Page 73 of Starcrossed

Page List
Font Size:

Wesley’s expression faltered. “You said to come find you if I wanted to talk.”

Oh. Arthur’s shoulders dropped. “Yes, of course. I am sorry about Chester.”

Wesley’s gaze dropped to Arthur’s lips. “I didn’t come to talk about him.”

And then he stepped forward and kissed Arthur.

Arthur froze.

No. Wrong.

Wesley’s lips were easy to reach, the same height as Arthur’s, and soft, not chapped like Rory’s, and the eyes level with his were blue, not soft brown, and there were no eager hands on Arthur’s face and body—

Arthur wrenched himself away. “Wes, what the hell?” he said ineloquently.

“Come back to London.”

“What?”Arthur took another step back.

“You make sense with me.” Wesley moved forward, filling the space Arthur had just left. “We fit together, you and I. You think I came all the way from England for a bloody wedding? I came to get you.”

“You should have just sent a telegram,” Arthur said tightly, “because I would have told you not to waste your time.”

He went for the door, but Wesley reached for him as he passed. “Arthur, stop—” Arthur pushed Wesley’s hand off his shoulder, and Wesley made an outraged noise. “What, I repulse you now?”

“There’s someone else.”

Wesley scoffed loudly. “Who, the antiques dealer? Are you really going to keep slumming when I’m asking you to come back to London?”

Slumming.Anger rose in Arthur, hot and burning. “How dare you,” he said tightly.

“Don’t pretend some working-class sod is worth your time.”
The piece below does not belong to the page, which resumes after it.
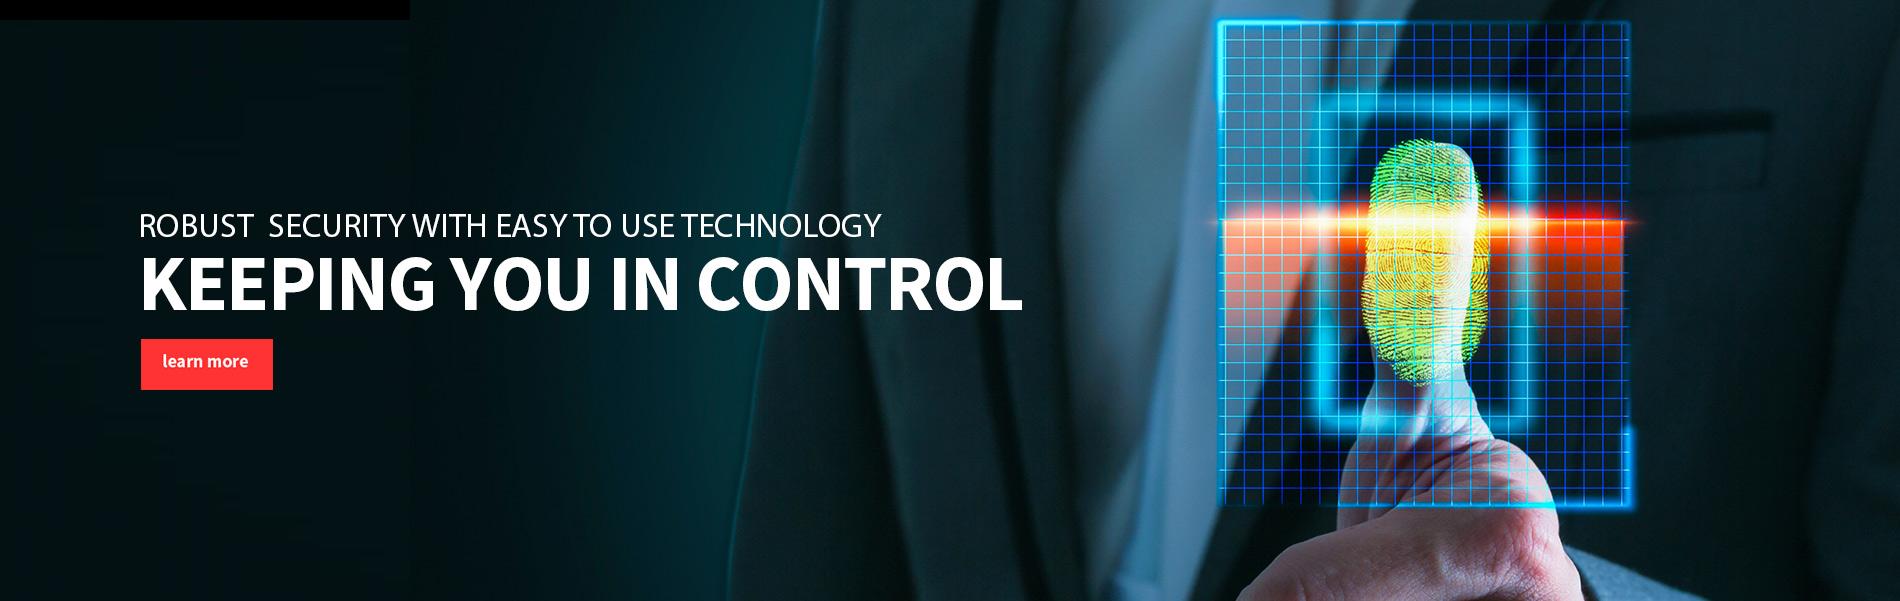 access-control-banner-update-2

“You have no idea what he’s worth.”

The hostility in Arthur’s words must have gotten through to even Wesley, because he softened his voice placatingly. “But I’m better for you.”

“You don’t even like me.”

“I like looking at you.” Wesley’s soft and warm bedroom tones grated like fork tines on china. “I like how you looked in my home at night, and in my room when I woke. I liked looking across my parties and seeing your face among my friends. I liked you by my side, Arthur.”

Arthur blew out a breath. “I realize this may be a shock, Wes,” he said through gritted teeth, “but there is nothing romantic about inviting someone to ornament your own life. There is a man out there who wants me, not as an easy accessory to his own self-centered world, but for me, the way I really am.”

“You were good with me—”

“I was lonely with you,” said Arthur, “and now I know that’s not the same thing.”

He pushed past Wesley, but as he put a hand on the knob of the officer door, he heard Wesley behind him. “And how are you going to make it work?”

Arthur clenched his jaw, his fingers stilling.

“Have you even faced that?” Wesley’s voice was cutting. “Or are you hiding your head in the sand, refusing to acknowledge that anything you think you have with him is doomed? You’re not the first man to fall for someone of another class, Arthur. It never works. You can’t keep him any more than Romeo kept Juliet. You and your antiques man are a cliché; a pair of star-crossed fools.”

Arthur’s fingers tightened on the knob.

“But you and I, on the other hand, we’re two of a kind.” Wesley softened his tone, making it low and soothing as he came up behind Arthur. “No one thinks it’s odd that we’re friends. In the eyes of the world, we’re nothing more than two unrepentant bachelors. We could travel anywhere in the world in adjoining cabins. We could spend months at my estates.”

Wesley was close enough now that Arthur could feel the heat of his body at his back, feel warm breath on his ear as Wesley whispered, “No one would ask questions about us, Arthur. It would be easy to make it work.”